Well, a few points from my perspective.
-Rogue Trader starts after you've left the middling peasantry of lower level play behind. You're big important guis with a lot of money and a license to go big and go bold. There's a lot of room of growth from that point (from a house with one ship to a house that commands an entire fleet) but the scale can become....unwieldy as a GM.
-My group in particular has a faction that really dislikes low level gameplay. Or at least, their appreciation of the progression curve in many games is pretty worn out. We're a group of 30 year olds, so, we've been around the block in gaming for a long time and some pretty strongly held opinions about what is fun are had.
-I'm sort of the only person at table who was, initially, genuinely enthusiastic about "scope." Most of my other players primed themselves for a sort of pulpy, swashbuckling adventure that requires, to be honest, almost none of the scope Rogue Trader offers. So they basically interpreted all the wealth and potential at their finger tips as "buy best craftmenship everything in the first couple sessions." That said, I think they're starting to understand how to make the scope work for them in ways that aren't boring. Understanding how to narratively describe how they use all their resources to get stuff done. There's a fuckload of things to consider in RT, dozens of ways to do things from personally to impersonally. And it all takes a while to absorb.

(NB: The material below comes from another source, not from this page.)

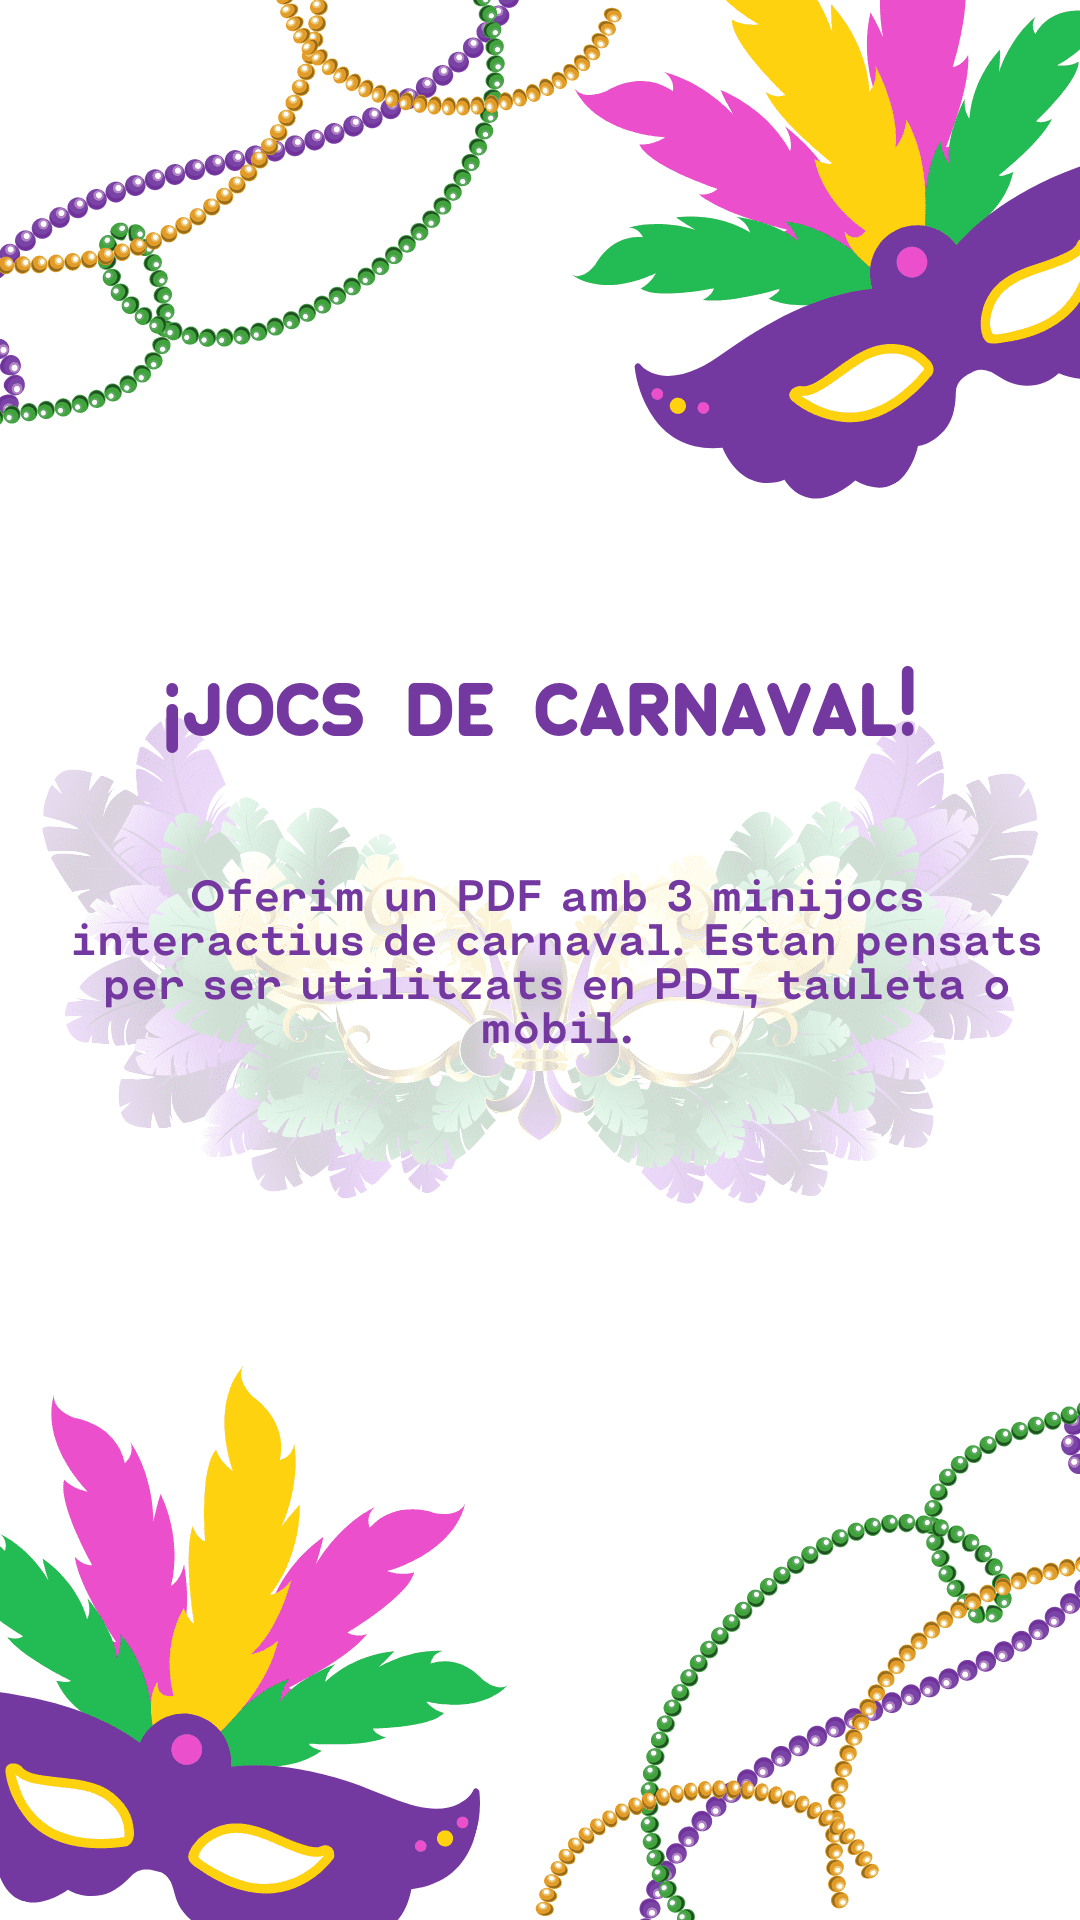 JOCS DE CARNAVAL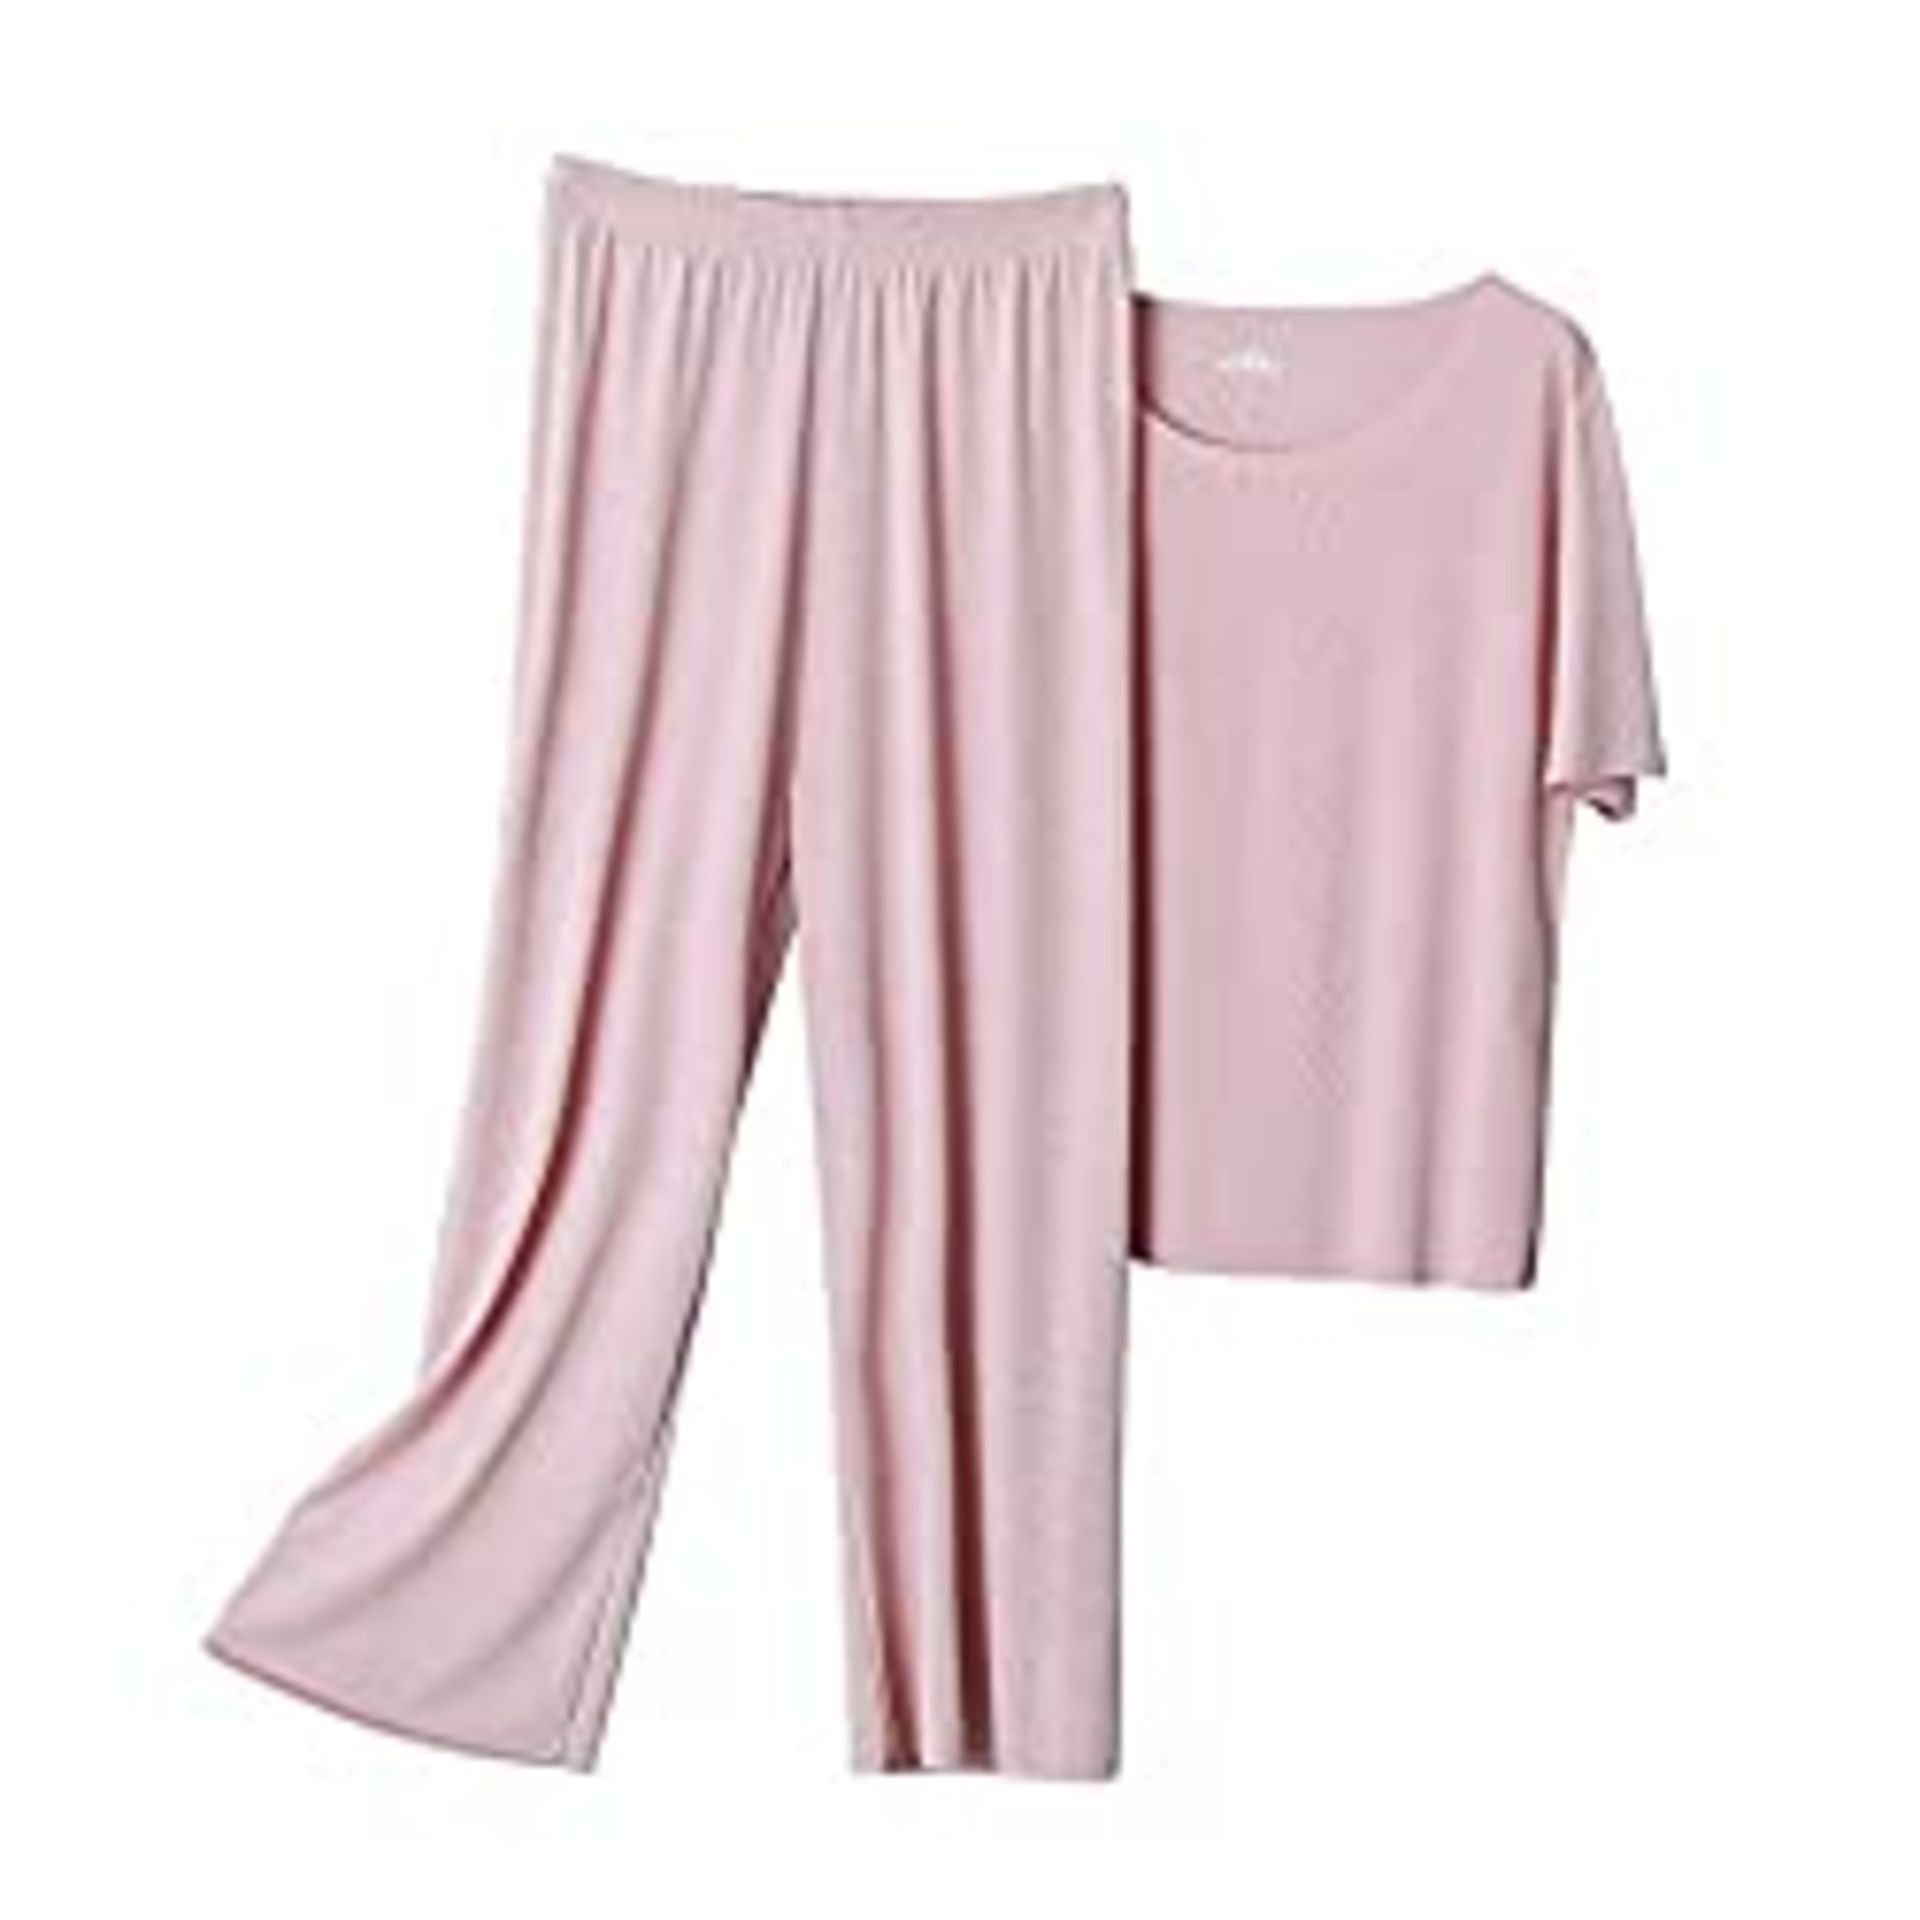 RRP £17.99 BRAND NEW STOCK CHOO AYO Women's Pajamas Set Short Sleeve Ladies Pyjamas

-So the more the scope increases, the harder my job gets. Not like, sitting down and drafting documents and ideas and stuff. That comes naturally. It's at table where it starts to become an issue. Both in remembering all the shit you've written up and remembering to use it at table, and giving the PCs an enjoyable challenge given they can approach any situation from boots on the ground to commanding thousand of soldiers and nuking things from orbit and anything in-between. I start needing to deliver satisfying narratives that account for way more than your traditional dungeon crawl/audience with the king/etc... I've done pretty good so far playing a lot off the cuff but it's the kind of thing that can quickly get out of hand and get away from you. In this situation for example, if I really rewarded the PCs for this adventure.....I could easily be looking at something like "We buy 1000 Leman Russ tanks and bring them with us." Or an entire second ship and crew to factor into things. Shit I can barely remember to roll attacks in combat for the 13 bodyguards in power armor that follow them around wherever they go, mostly because there's not a great way to both have a personally satisfying combat for the party that still actually utilizes stuff like hordes of NPCs with great gear.